Lest we think the Greatest Generation was somehow more virtuous, it’s worth noting that there was a brisk underground market for upgrading one’s sticker for the right price. Rationing stamp books were also bought and sold illegally for those who found it hard to get things like sugar, meat, flour, and tobacco. And it won’t surprise you that 200 Congressmen tried to give themselves “X” stickers, but the ensuing outrage cancelled that idea, even without Twitter. Some things never change.

Thinking about all of this as I watched people lining up at Racetrac to panic buy before the last drop of fuel disappeared from the planet—or until the Colonial Pipeline flows once again—I couldn’t help but wonder how contemporary Americans would react to being asked for the kind of sacrifice that prevailed in World War II.

In our highly polarized country where distrust of the government is legion, it’s a given that gas-rationing would become highly politicized. One can imagine local rationing boards in some states simply refusing to meet, refusing to limit the amount of gas to people in their communities, and inviting their residents to drive down to the local QT and demand a full tank, regardless of their sticker. Gas equals freedom!! Let’s pause for a moment to imagine the viral videos of confrontations between gas sellers and consumers that would roil the Internet. Can you envision NASCAR shutting down or Americans going without new cars for three years?
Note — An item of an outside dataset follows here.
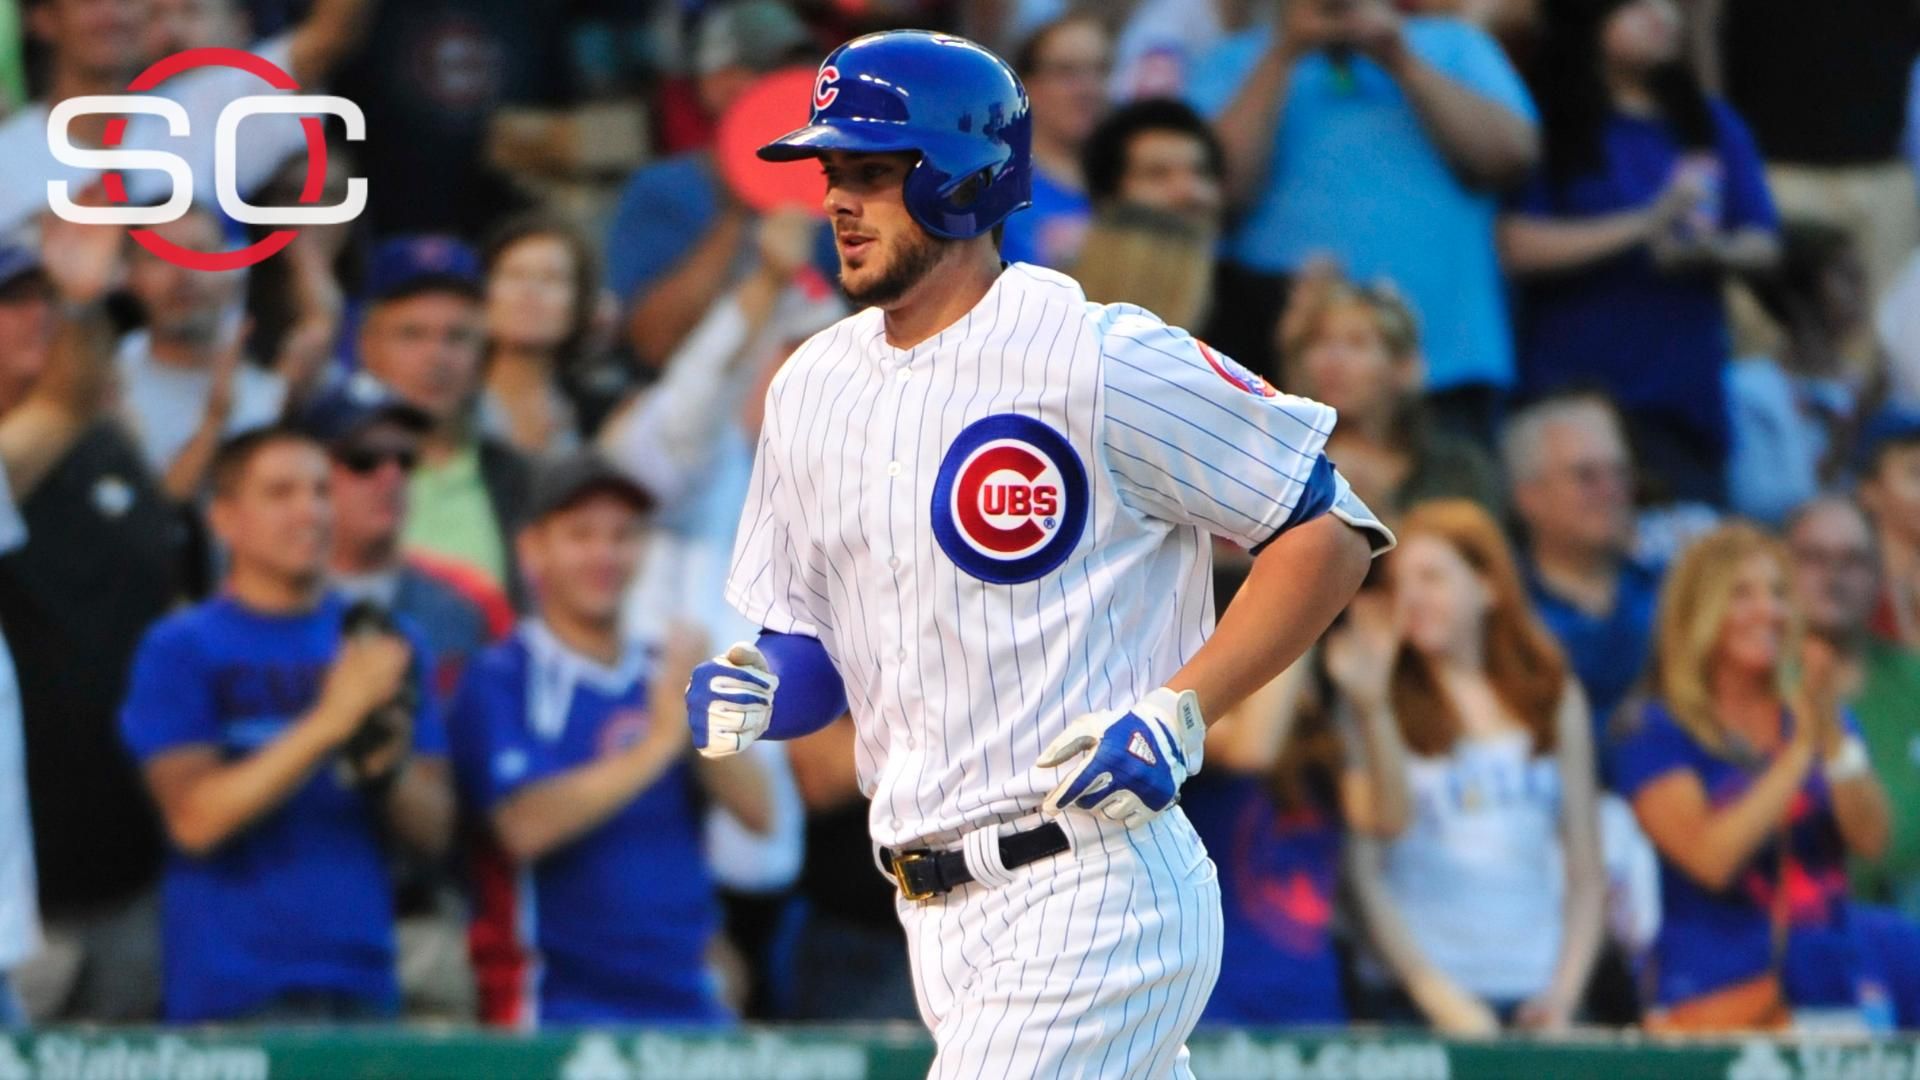 Price of winning: Cubs' Kris Bryant has top-selling MLB jersey - ABC7  Chicago

I also pondered future shortages created by cyberterrorist attacks. What if the supply lines for whatever smart phones are made of are suddenly strangled? What about the life-giving transmission of coffee beans to Starbucks and elsewhere? If the world’s hops supply is interrupted (gasp!), would the beer pipeline shut down? Can you imagine the lines and fistfights at the Golden Gallon if that happens?
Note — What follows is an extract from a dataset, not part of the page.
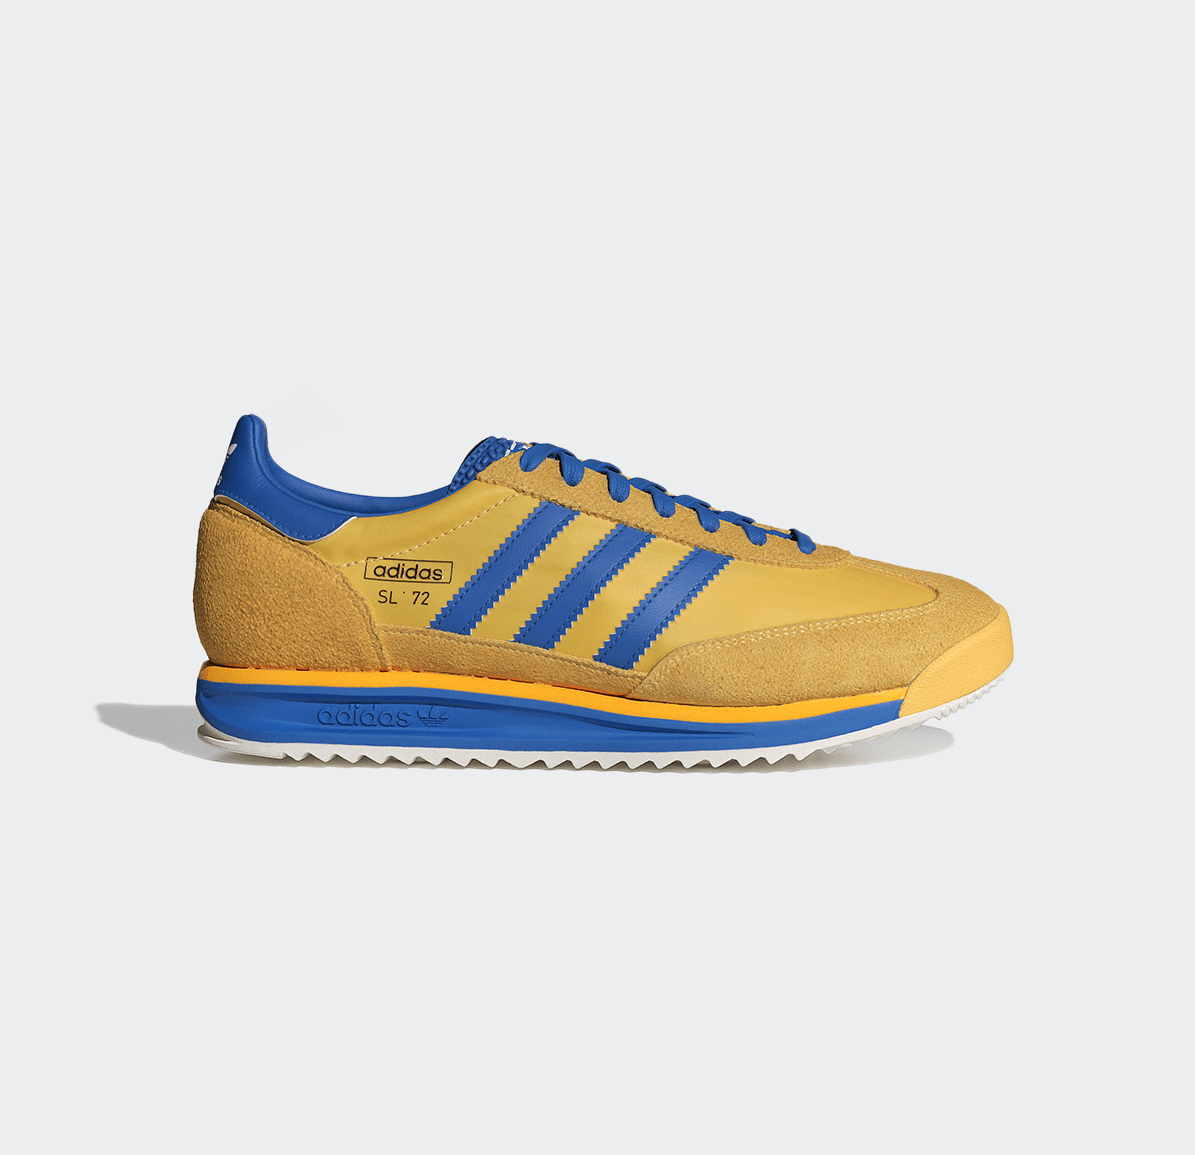 Adidas SL 72 RS - Utility Yellow/Blue Royal/Cloud White - Adidas - State Of Play

I know, I know—c’mon Stan, don’t joke about this. Cyberterrorism is real, it’s nothing to laugh at. To quote Abraham Lincoln, criticized for making jokes in cabinet meetings during the Civil War, I laugh because I must not cry.

Not to mention, when the great beer-rationing crisis comes, I’m sure I’ll get Only a Puny A-card. That’s when I’ll break out my government-rationed crying towel.

I’m making merry only because these and similar catastrophes are bound to happen—and when they do, we, all by ourselves, with no help from any outside source, will make it much worse than it should be. We always do.

Nancy Wilson Ross put it best: “When man conquers space, his ancient, universal, and perpetual  problem will remain the same as it has been from the very beginning—to conquer himself.”